I have a couple of questions about SCHUFA.

I live in London, I finished the BSc and applied through uni-assist to study the MSc in Germany, near Duisburg. I have been accepted and have all the documentation. The German embassy say not to go to them in London but instead to wait to get there, show them the acceptance confirmation from the university, the blocked account proof I have from Expatria (10332 EUR) and the health insurance.

So it would seem at this point I'm all set to go BUT the housing situation is more complex. In terms of strategy I need a to build a basic plan and work out which steps to take to secure a cheap home locally. Luckily there are very cheap properties available.

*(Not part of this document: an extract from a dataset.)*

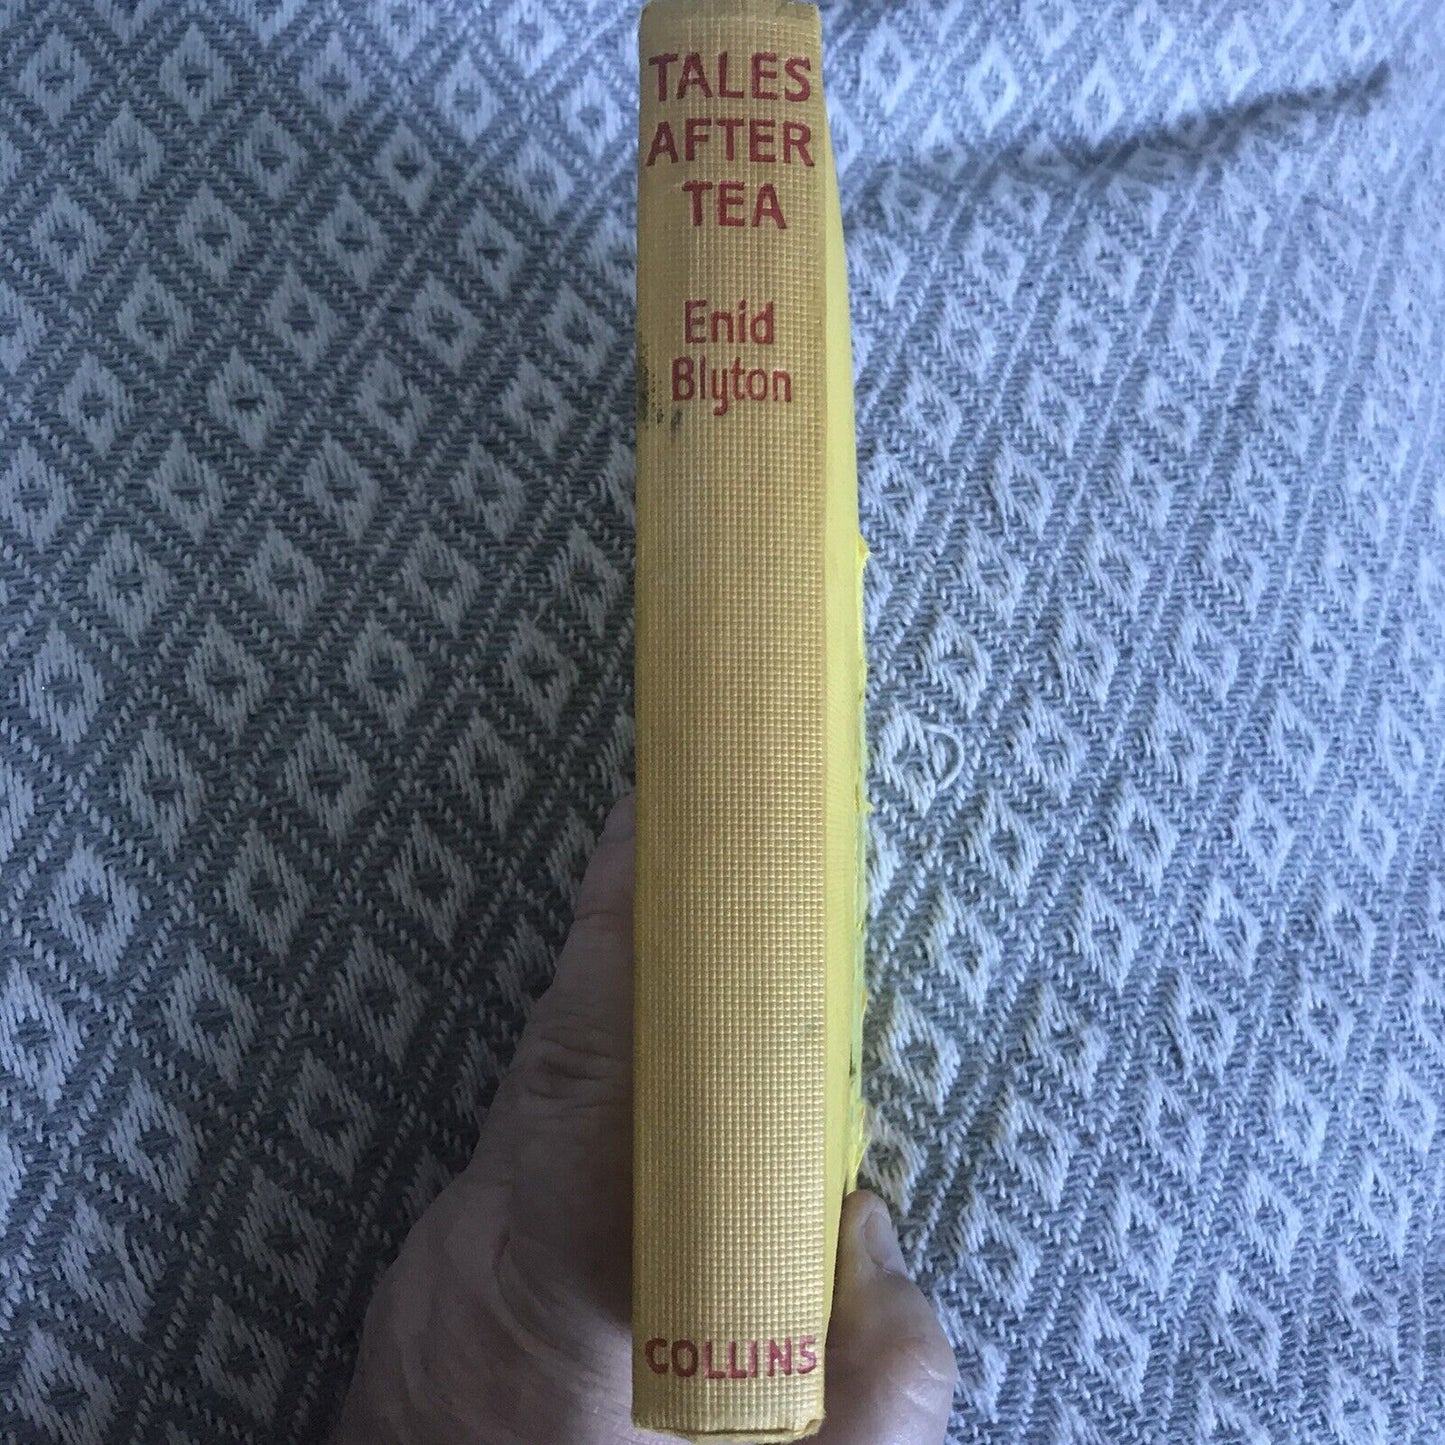 1964 Tales After Tea von Enid Blyton (Collins Pub)

I looked on the website Rentberry and they have a lot of great places, it seems high level similar to the UK, you need a credit check (DE: SCHUFA) and then if you pass it you pay them the deposit and move in. I have great written references from London too I can provide if they want them it is no problem and I have money in the bank and the blocked account too so that shouldn't be an issue.

What I am trying to get my head around is how you establish a SCHUFA and the best way to do it, how to ensure you are registered with them as early as possible so when you apply you appear on their search records.

When you open a bank account do they automatically create your record? When you register your address do they first register you with SCHUFA? The current position is that I have booked an AirBNB for between mid September and early October, this based on the advice of the university to give me some time to look for more permanent accommodation.

Please can someone give me advice based on their prior experience / knowledge what I need to do whilst at that AirBNB to allow me to whilst living there to get on SCHUFA and to then also whilst living there to make a successful application.

Thank you for your help!

Rob

TominStuttgart

The subject of student housing has often been mentioned here. Most Universities have some student apartment facilities but they are usually limited. But foreigners are generally given priority since they know it is easier for locals to look on their own. Foreigners won't know the local market and will be at particular disadvantage in a housing market that is very tight in most of Germany - although I don't know about Duisberg in particular.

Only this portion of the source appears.